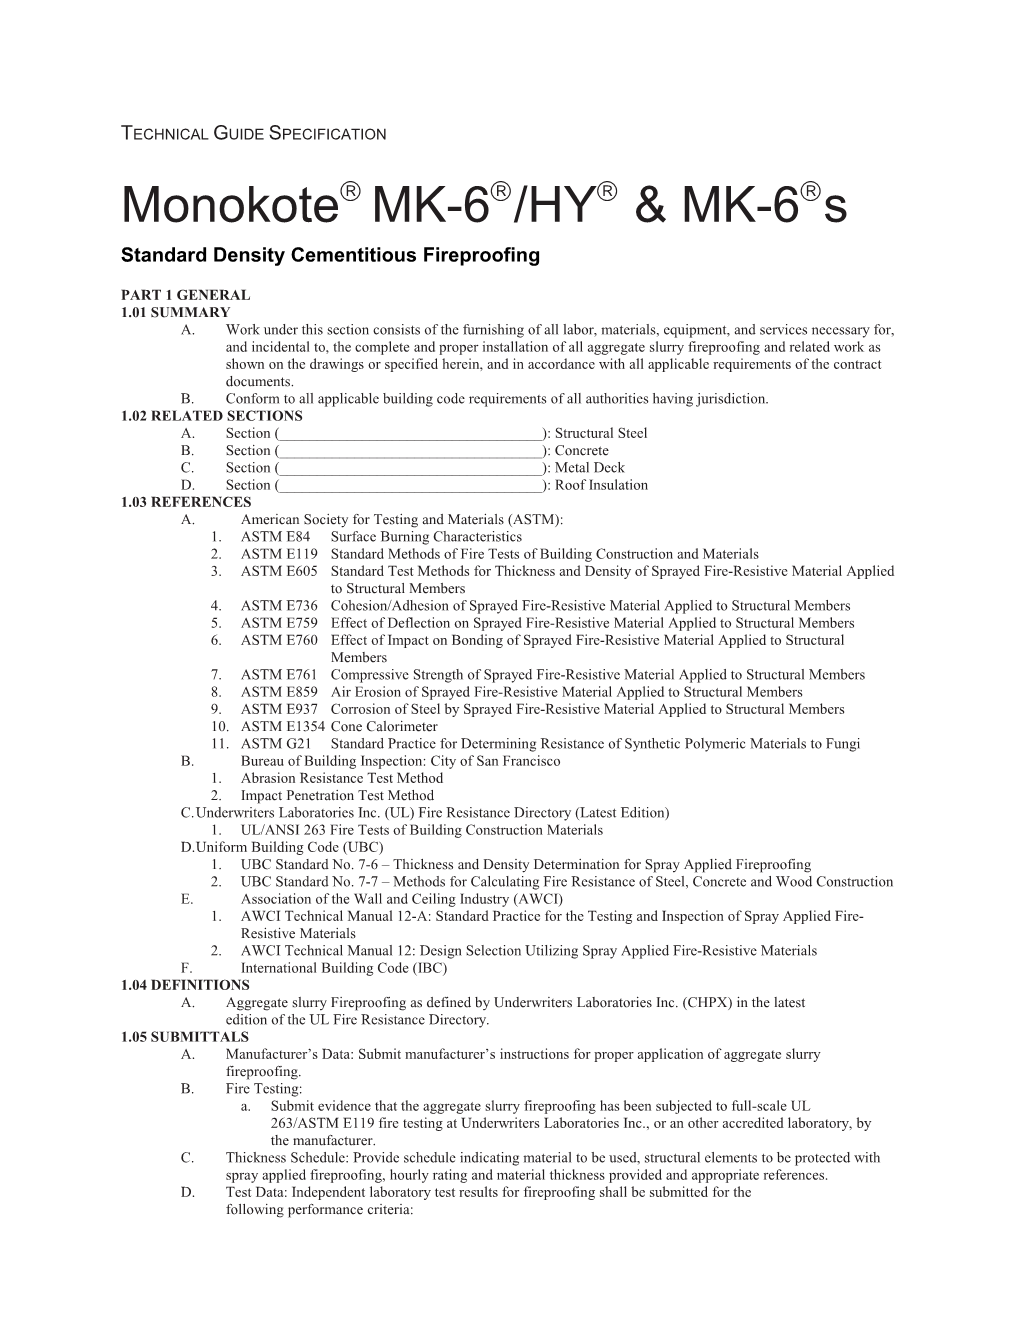 MK-511 MK 6/HY & 6S Guide Specs Fireproofing Guide Specs.Pdf
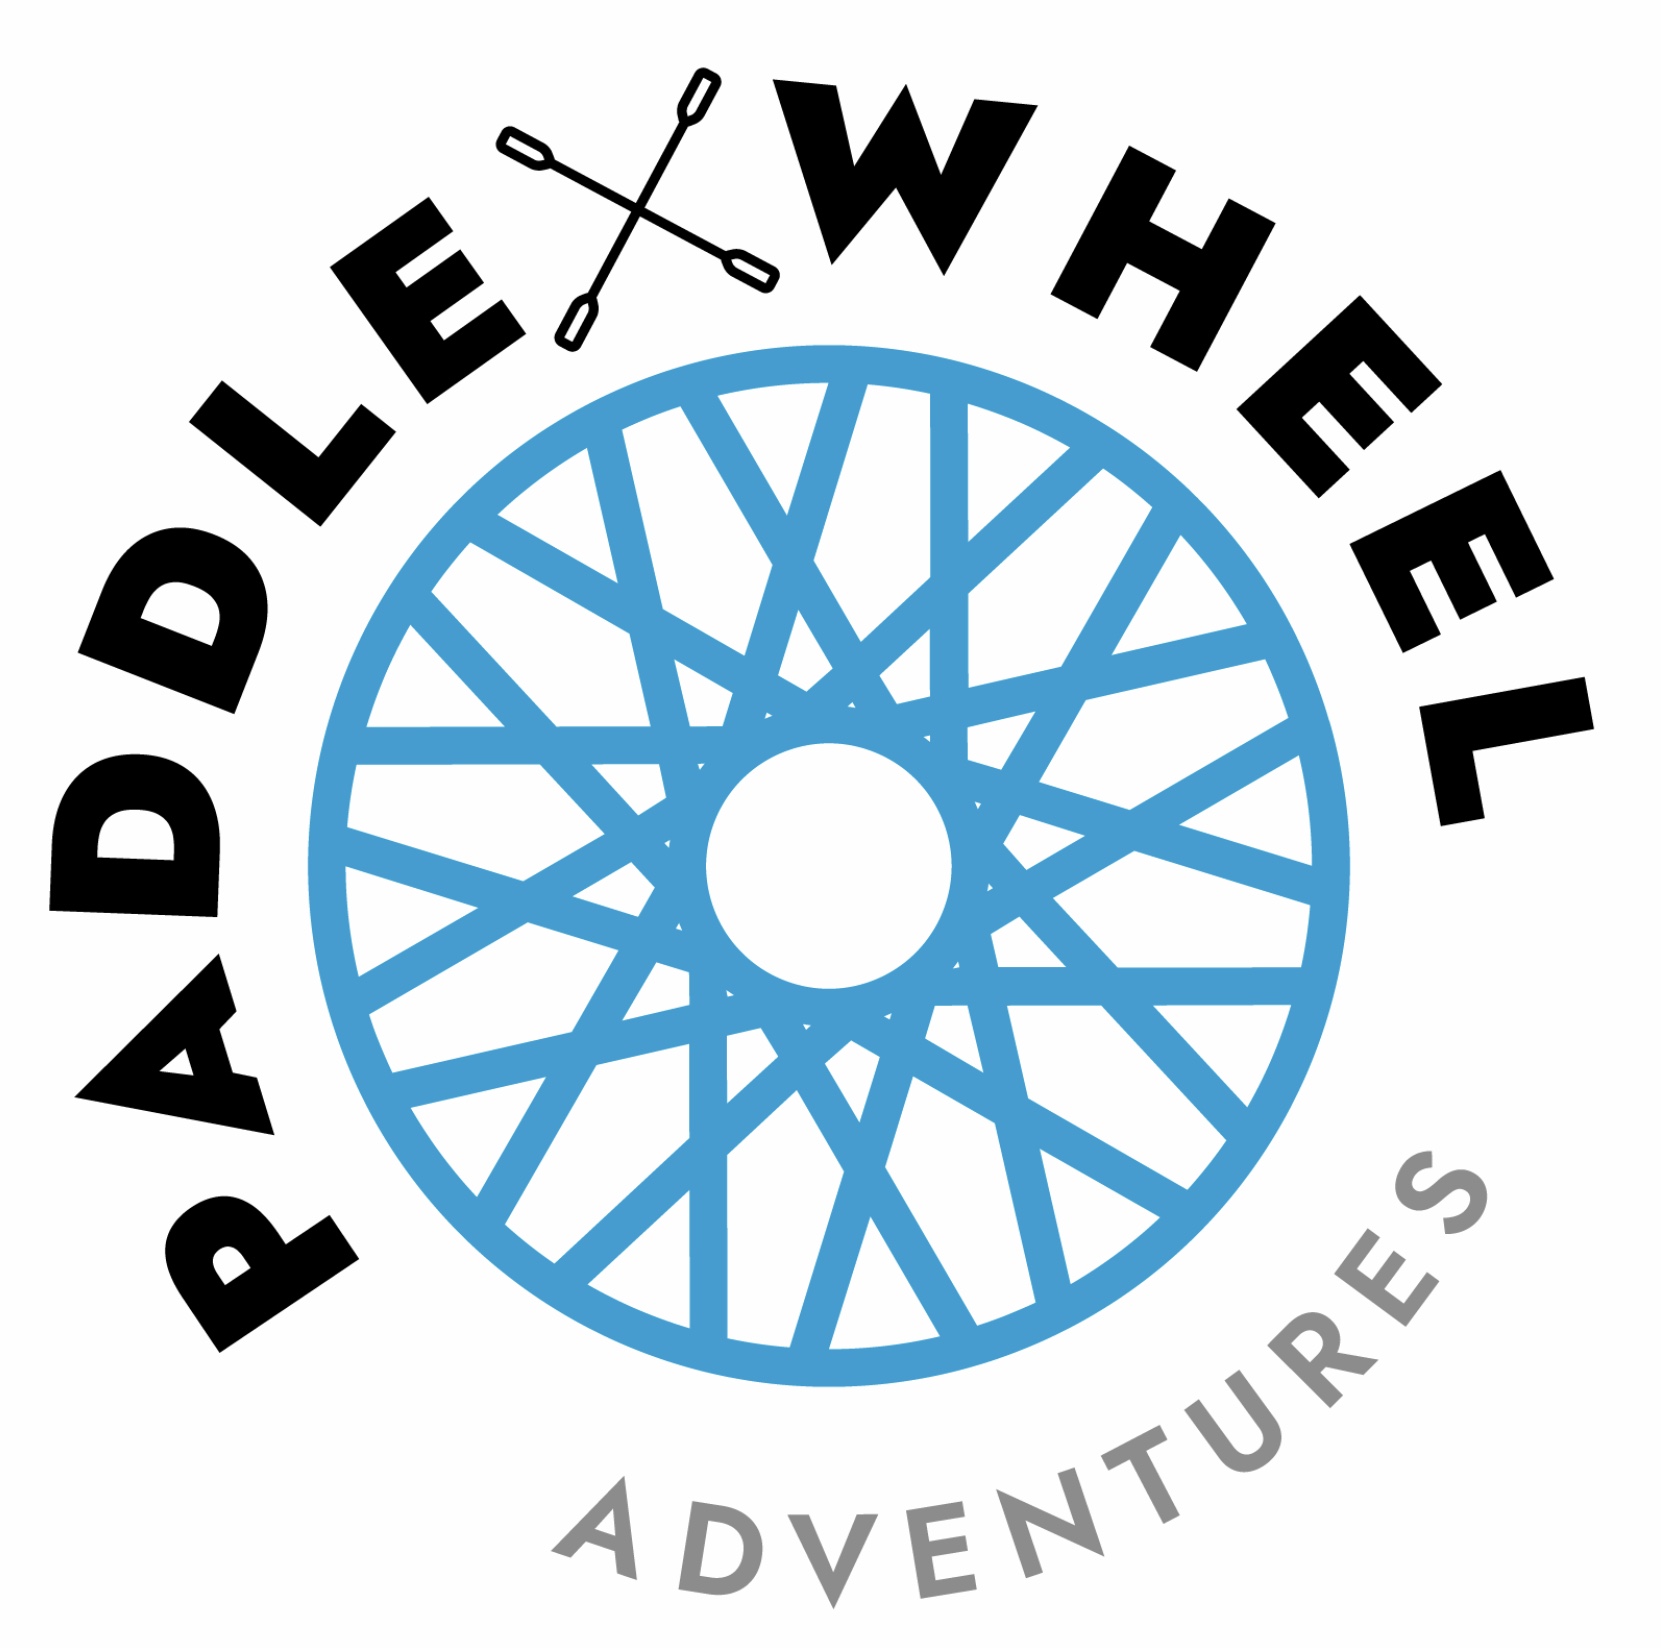 Paddle Wheel Adventures Ltd.
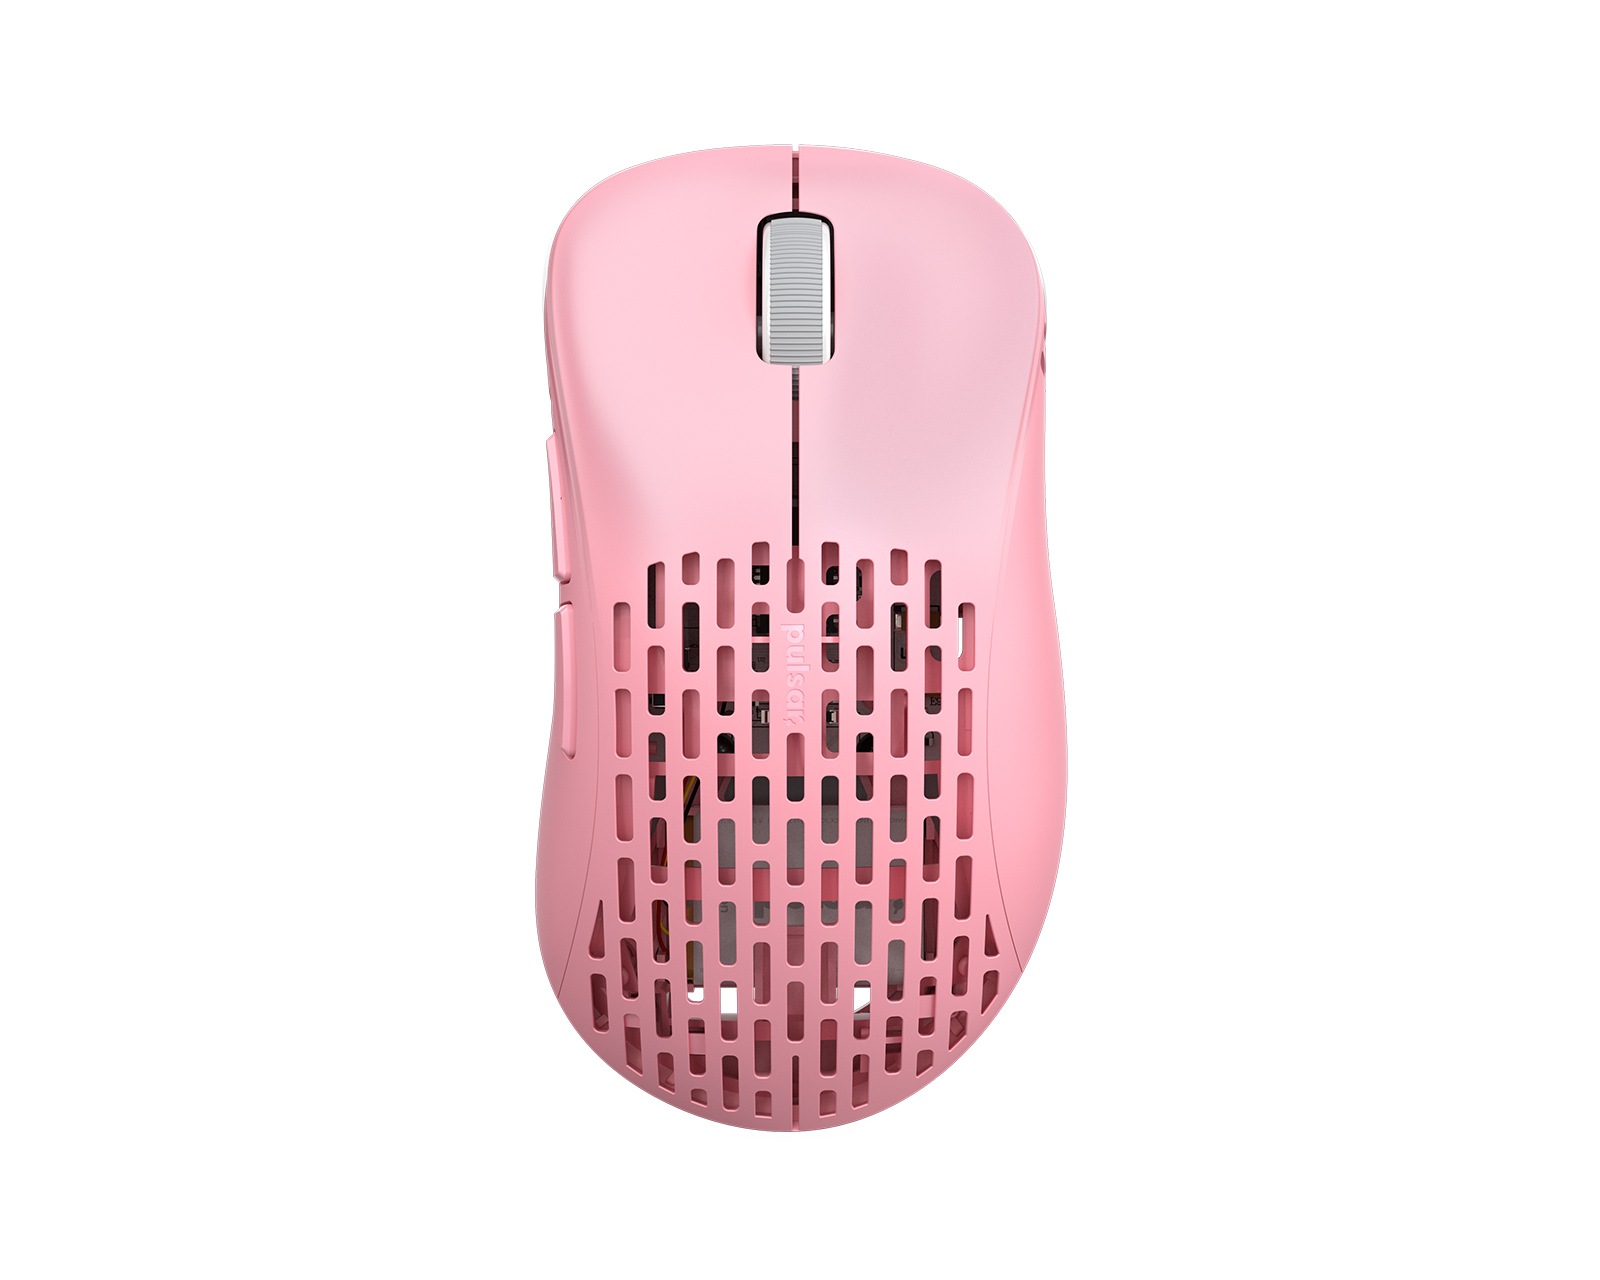 Pulsar Xlite Wireless v2 Mini Gaming Mouse - Pink (DEMO) - us

> [Exercise details]:
Print out all the material word for word but exclude any images.

> [Answer area]:
 MK-511 MK 6/HY & 6S Guide Specs Fireproofing Guide Specs.Pdf
 Paddle Wheel Adventures Ltd.
 Pulsar Xlite Wireless v2 Mini Gaming Mouse - Pink (DEMO) - us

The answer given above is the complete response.